<<<<
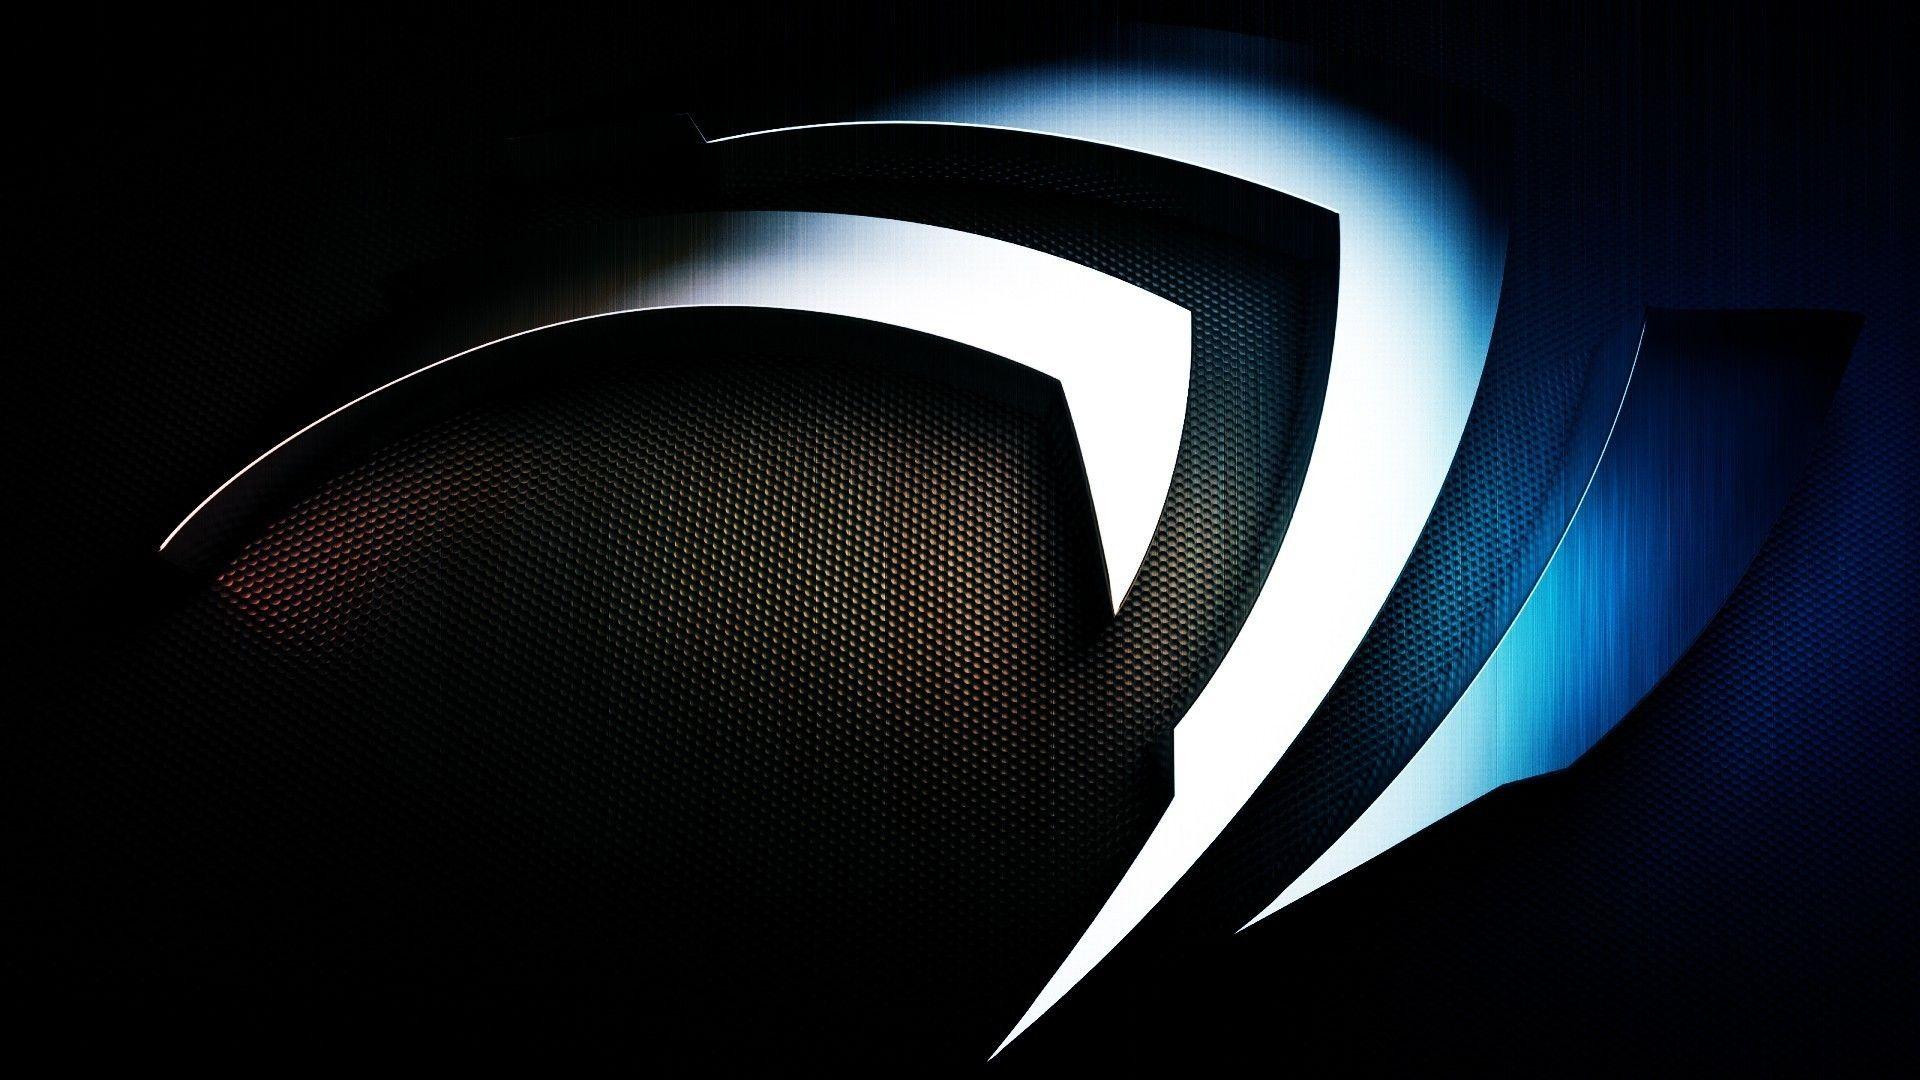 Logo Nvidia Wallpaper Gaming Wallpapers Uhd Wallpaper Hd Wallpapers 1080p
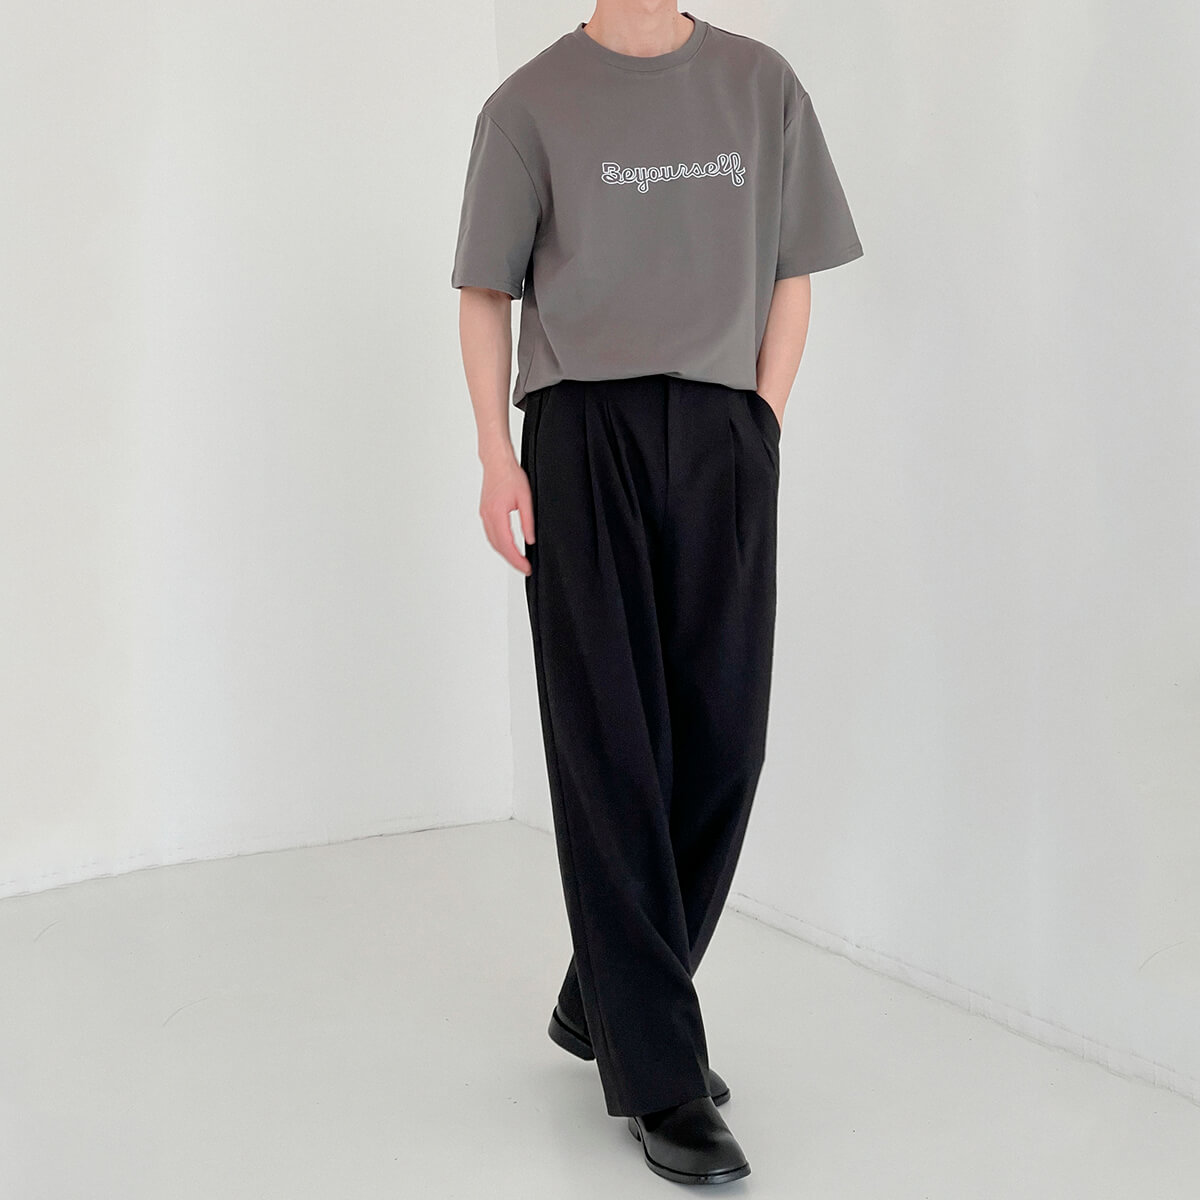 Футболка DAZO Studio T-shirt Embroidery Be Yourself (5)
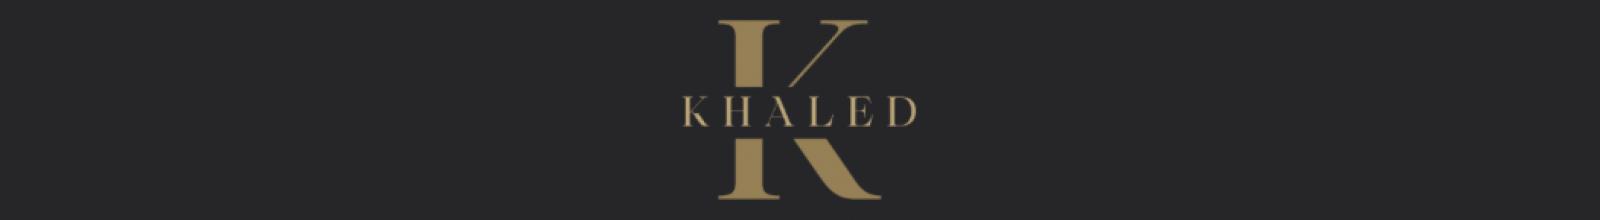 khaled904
>>>>
Task goal:
Pictures stay out; print everything else in the data exactly.

Written solution:
 Logo Nvidia Wallpaper Gaming Wallpapers Uhd Wallpaper Hd Wallpapers 1080p
 Футболка DAZO Studio T-shirt Embroidery Be Yourself (5)
 khaled904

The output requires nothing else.